◆ The data:
============
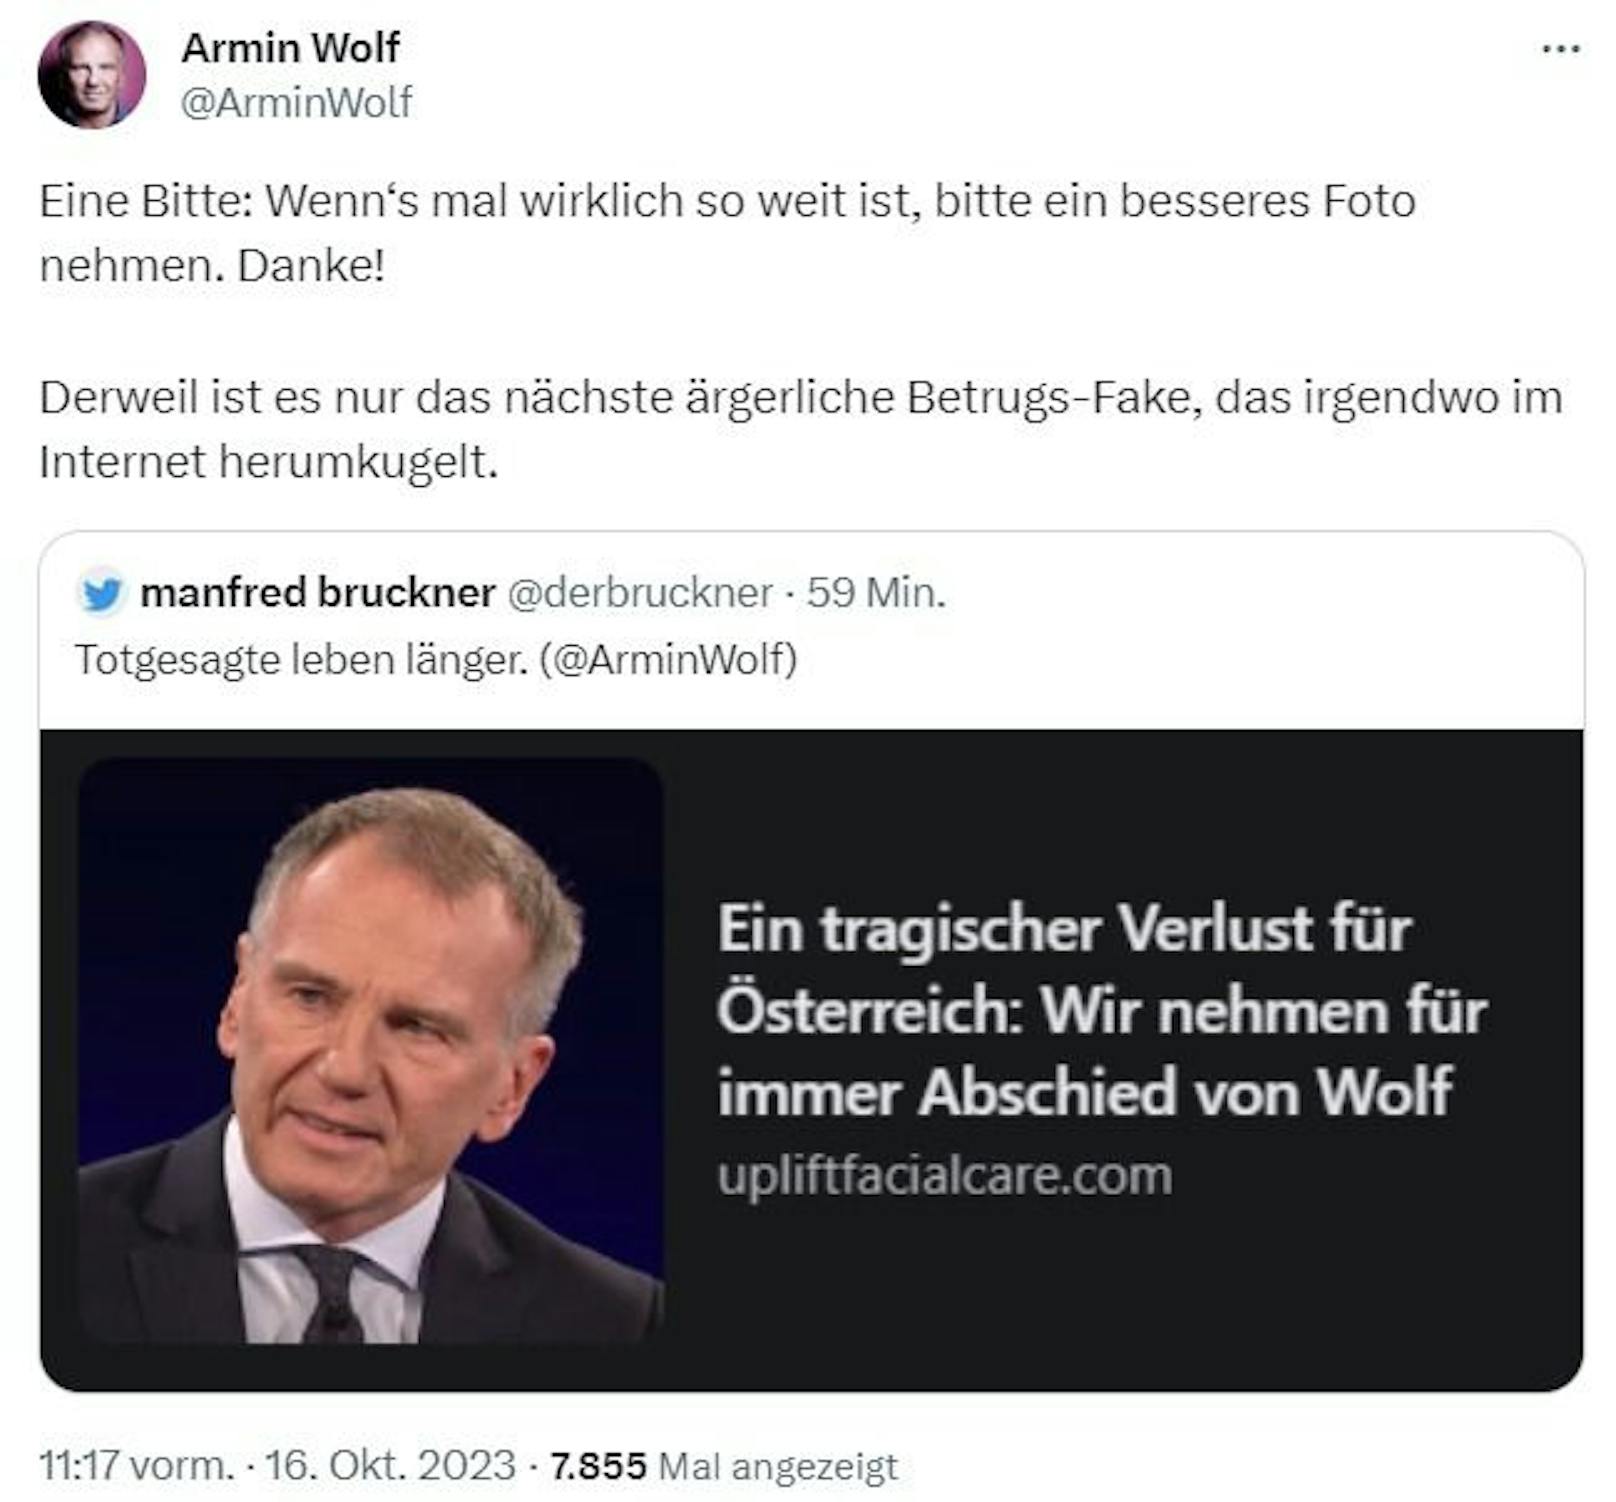 Armin Wolf wird von Internetbetrügern totgesagt.
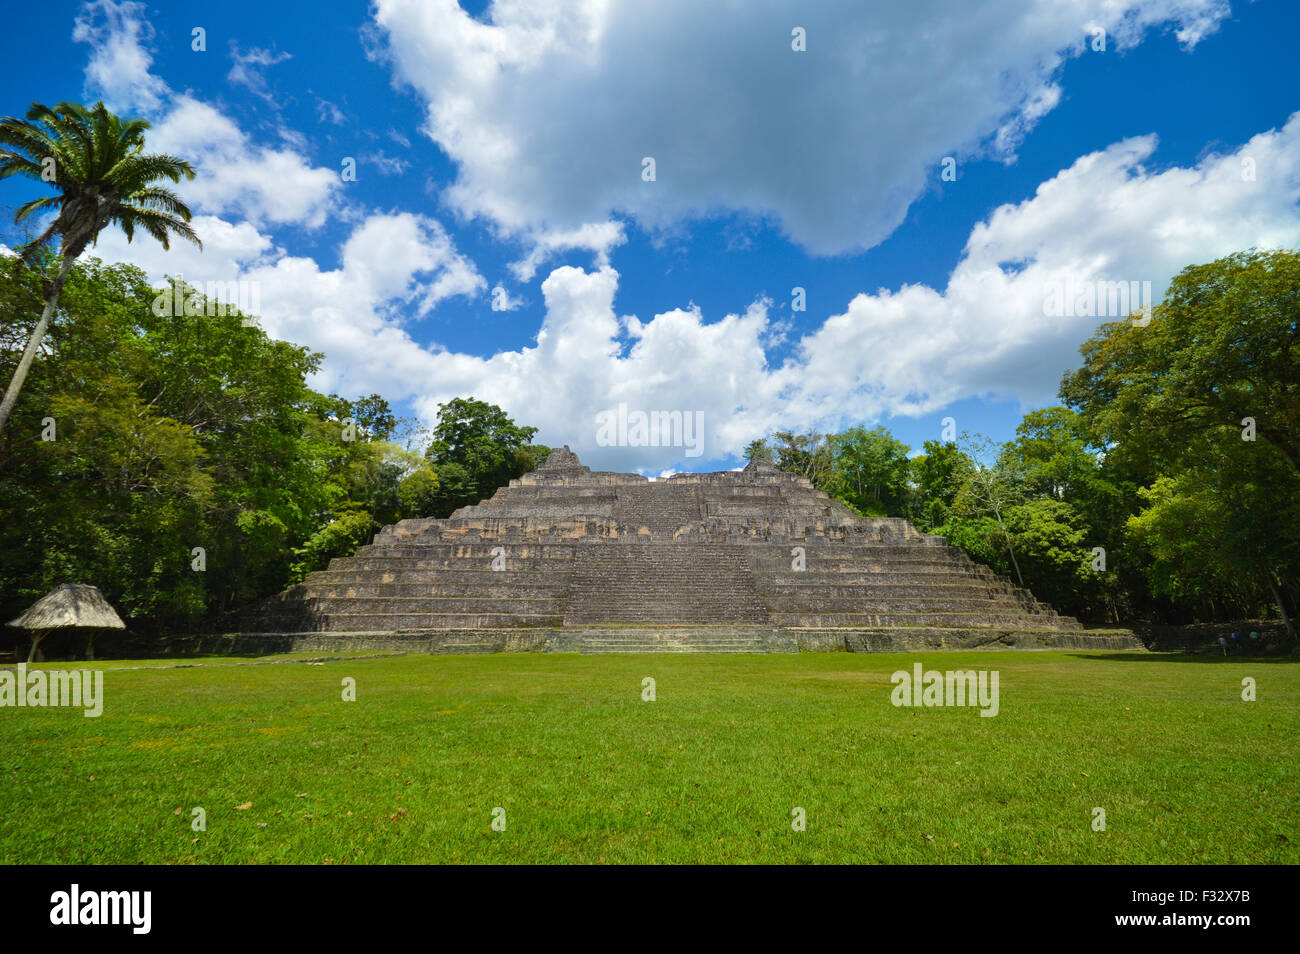 Pyramide Caana à Caracol site archéologique de la civilisation maya dans l'ouest de Belize Banque D'Images
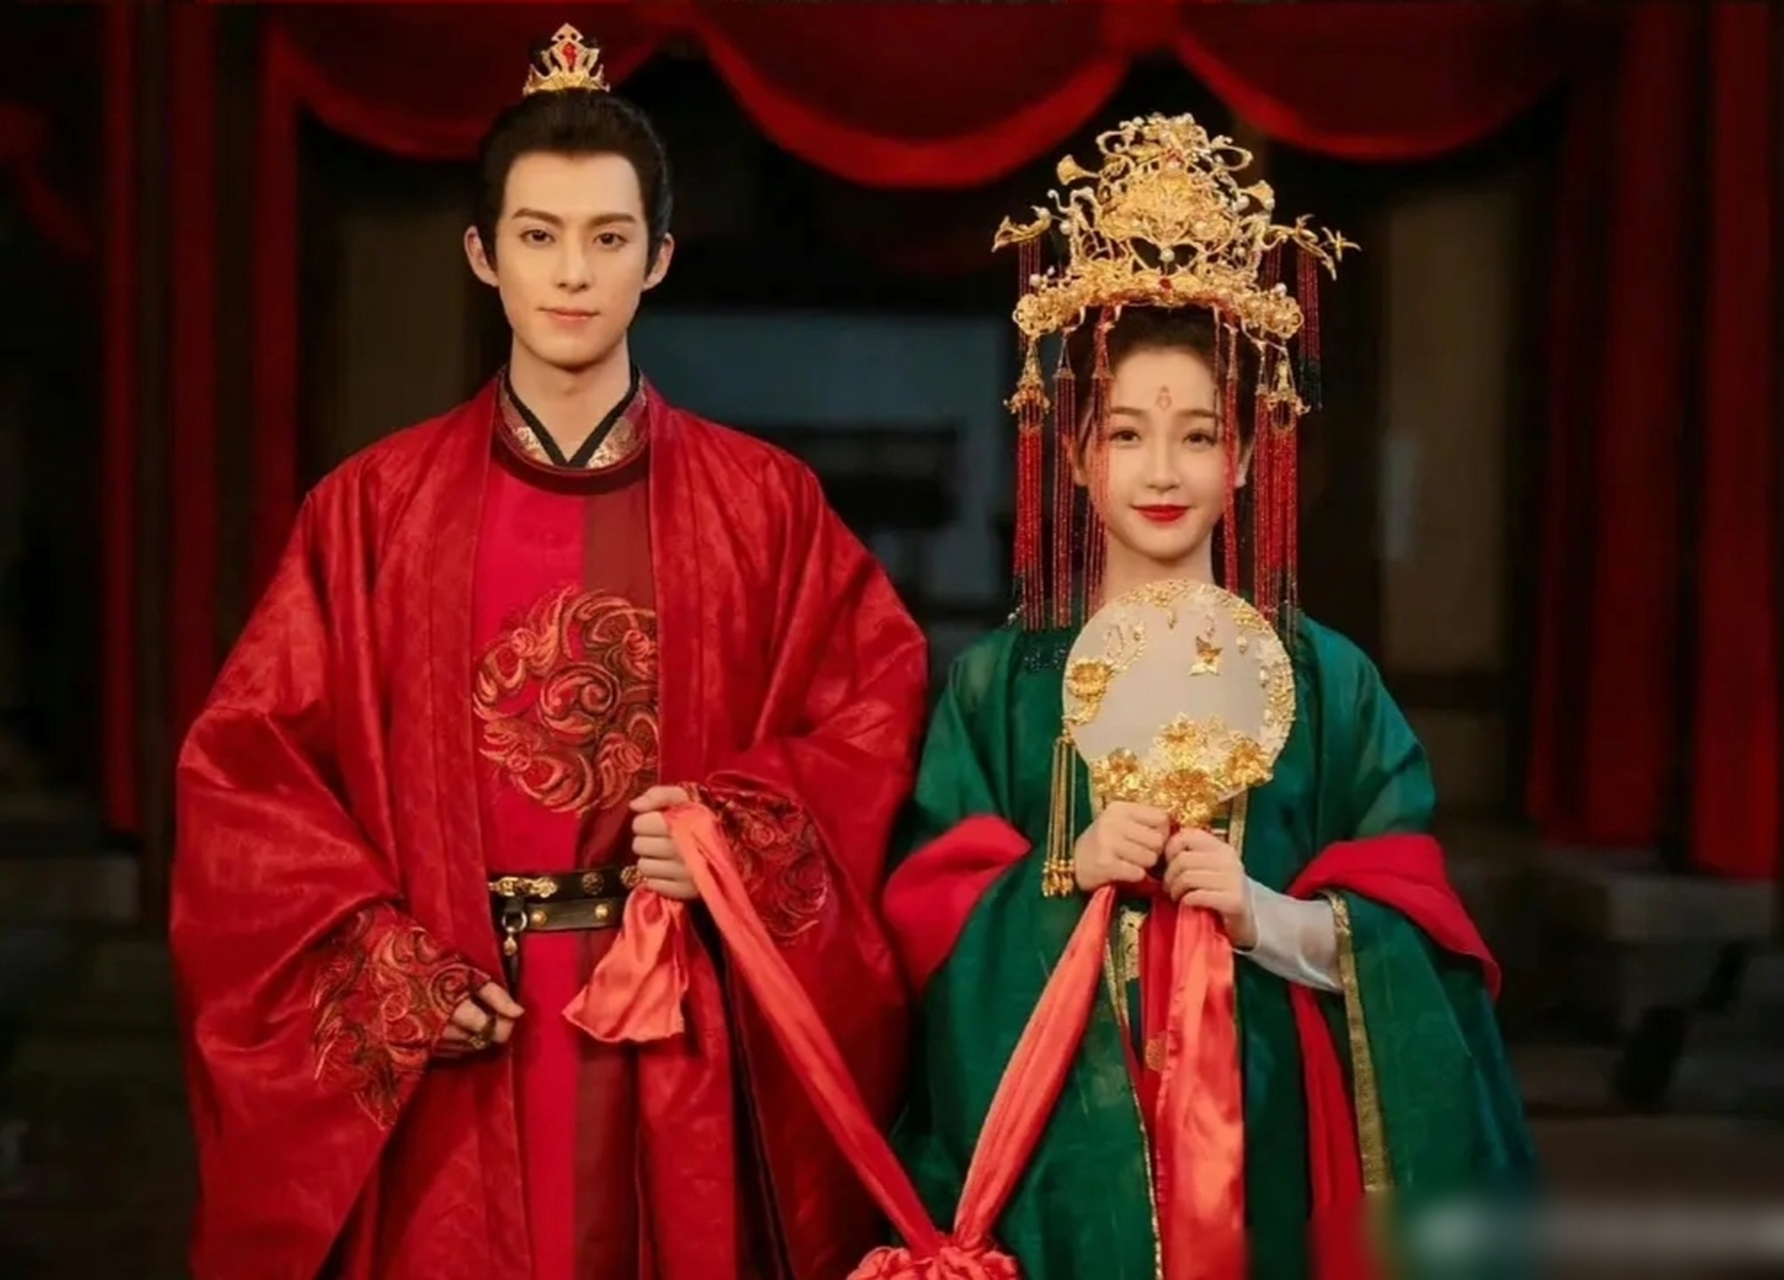 热播剧古装婚服大赏,红男绿女,大红色镶金边符合中国传统,也确实好看
============
Emit the lines of the data above from the one containing "Pyramide Caana à" through its final line, both endpoints included. Pictures do not belong in the output.

 Pyramide Caana à Caracol site archéologique de la civilisation maya dans l'ouest de Belize Banque D'Images
 热播剧古装婚服大赏,红男绿女,大红色镶金边符合中国传统,也确实好看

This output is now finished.